Mobil Program MBG Terobos Pagar Sekolah di Cilincing, 20 Orang Terluka

Kapolres Metro Jakarta Utara Kombes Pol Erick Frendriz didampingi jajarannya meninjau lokasi kecelakaan mobil yang merangsek masuk halaman SDN Kalibaru 01 Cilincing, Jakarta Utara, pada Kamis (11/12). (Narayamedia/Dok. ANTARA)

JAKARTA, Narayamedia – Sebuah kecelakaan tragis terjadi di SDN Kalibaru 01, Cilincing, Jakarta Utara, Kamis (11/12) pagi. Satu unit mobil van operasional program Makan Bergizi Gratis (MBG) menabrak pagar sekolah dan menerobos masuk ke area lapangan upacara, melukai puluhan orang.

Insiden mengerikan ini terekam jelas oleh kamera CCTV sekolah sekitar pukul 06.40 WIB. Saat itu, ratusan siswa sedang berkumpul di lapangan untuk mengikuti kegiatan rutin pagi, seperti apel atau literasi.

Tiba-tiba, mobil Daihatsu Gran Max berwarna putih melaju kencang, menabrak dan merobohkan gerbang besi, lalu menghantam barisan siswa yang berada tepat di belakang gerbang.

Data terkini yang dikonfirmasi oleh pihak kepolisian menyebutkan total 20 orang menjadi korban. Mereka terdiri dari 19 siswa dan 1 guru. Beberapa korban mengalami luka serius, termasuk dugaan patah tulang, dan segera dilarikan ke fasilitas kesehatan terdekat.

Para korban dirawat intensif di beberapa rumah sakit rujukan, termasuk RSUD Koja, RSUD Cilincing, dan RSUD Tanjung Priok.

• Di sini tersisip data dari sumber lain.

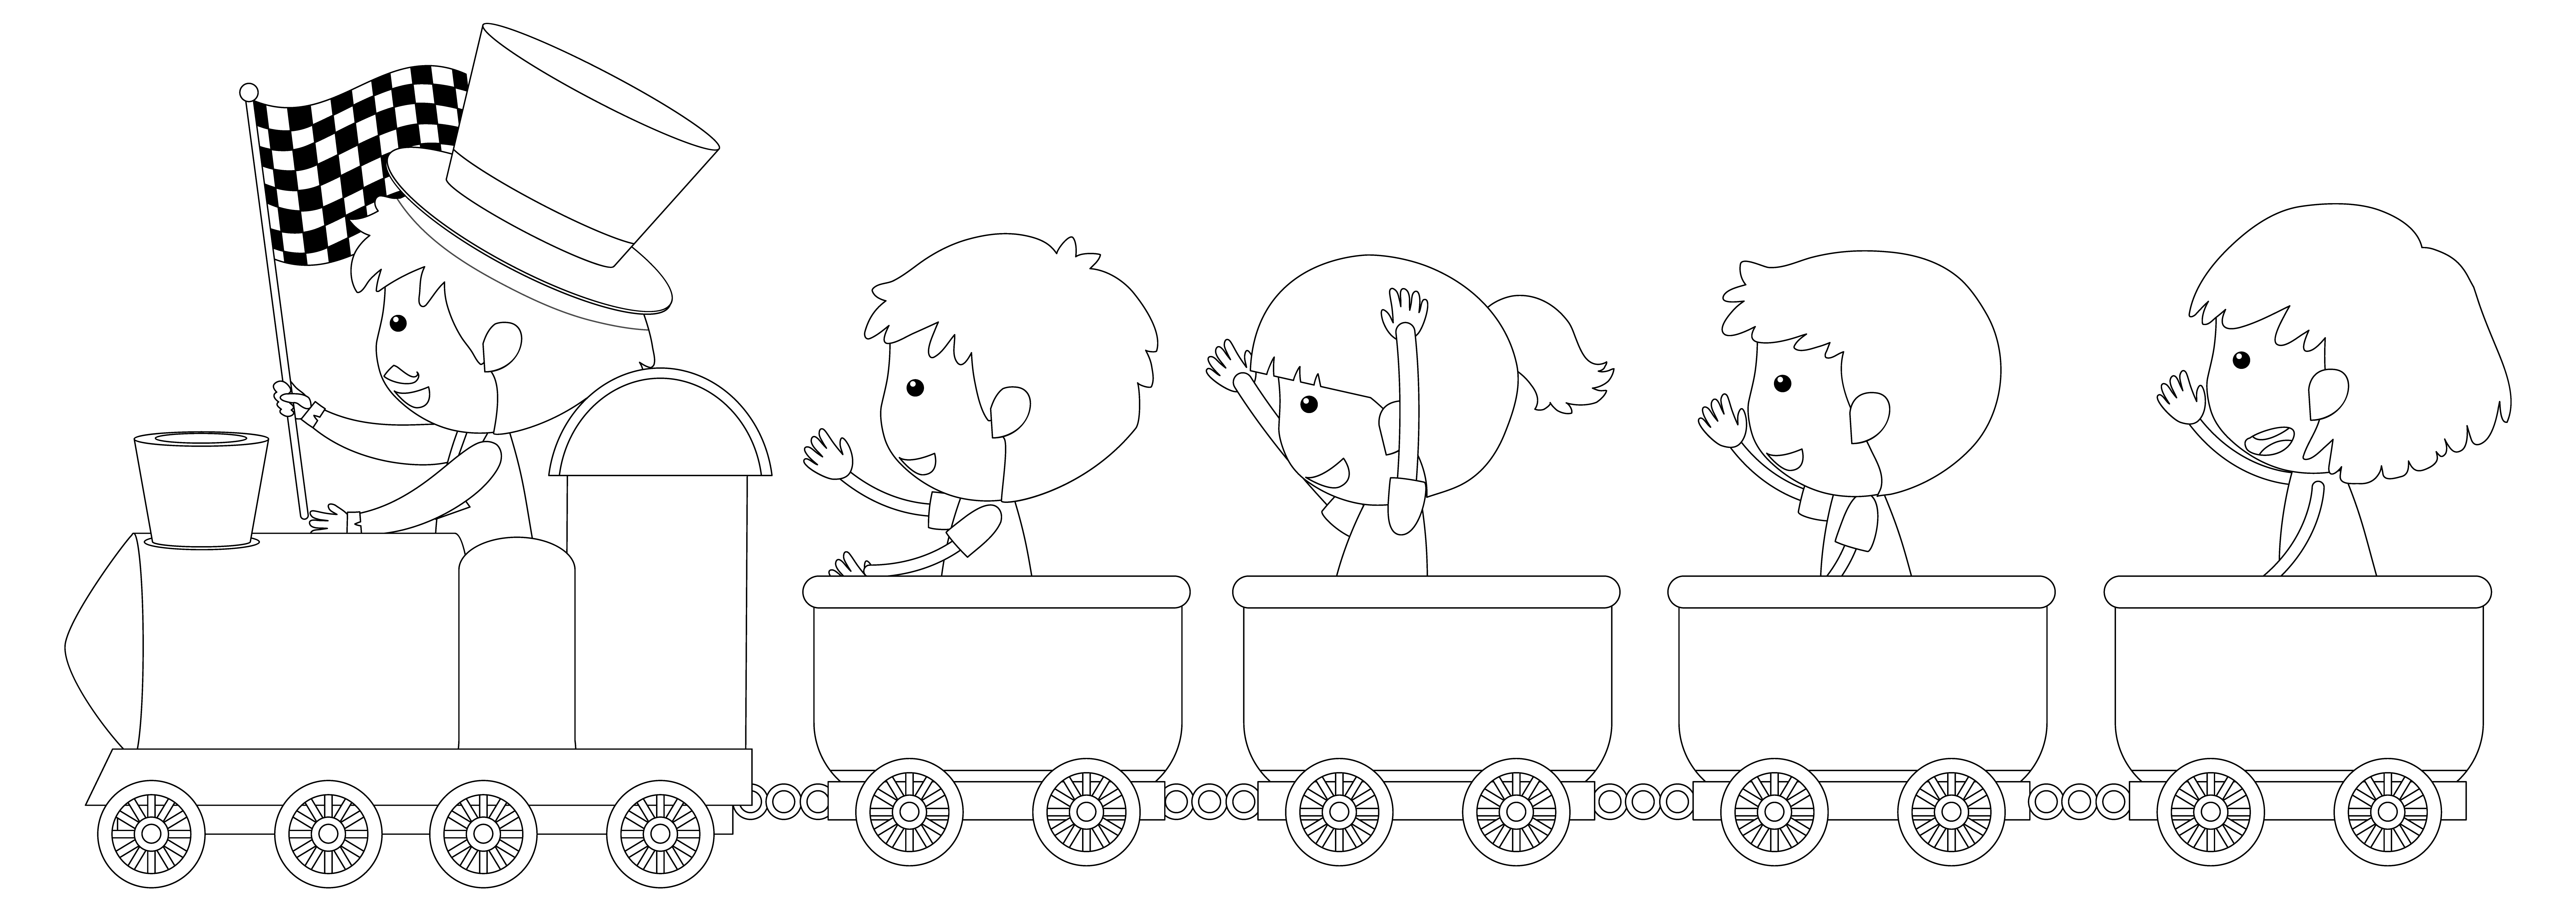 Раскраска дети катаются на поезде формата А4 в высоком качестве

Pengakuan Sopir dan Penyelidikan

Sopir mobil berinisial AI telah diamankan di Polsek Cilincing. Dalam pemeriksaan awal, AI mengaku panik dan melakukan kesalahan fatal: salah menginjak pedal gas yang dikiranya adalah rem. Akibatnya, mobil melaju tak terkendali dan terjadilah tabrakan.

Kapolda Metro Jaya Irjen Polisi M. Fadil Imran, yang langsung meninjau lokasi kejadian, memastikan penyelidikan mendalam terus berlangsung untuk memastikan penyebab pasti kecelakaan dan memeriksa kelayakan kendaraan tersebut.

Badan Gizi Nasional (BGN), lembaga yang mengelola program MBG, menyampaikan permohonan maaf atas insiden yang disebabkan oleh kelalaian mitra pengantaran makanan mereka.

“Kami sangat prihatin dan meminta maaf sebesar-besarnya. BGN akan menanggung penuh seluruh biaya pengobatan dan perawatan para korban hingga sembuh,” ujar perwakilan BGN di lokasi.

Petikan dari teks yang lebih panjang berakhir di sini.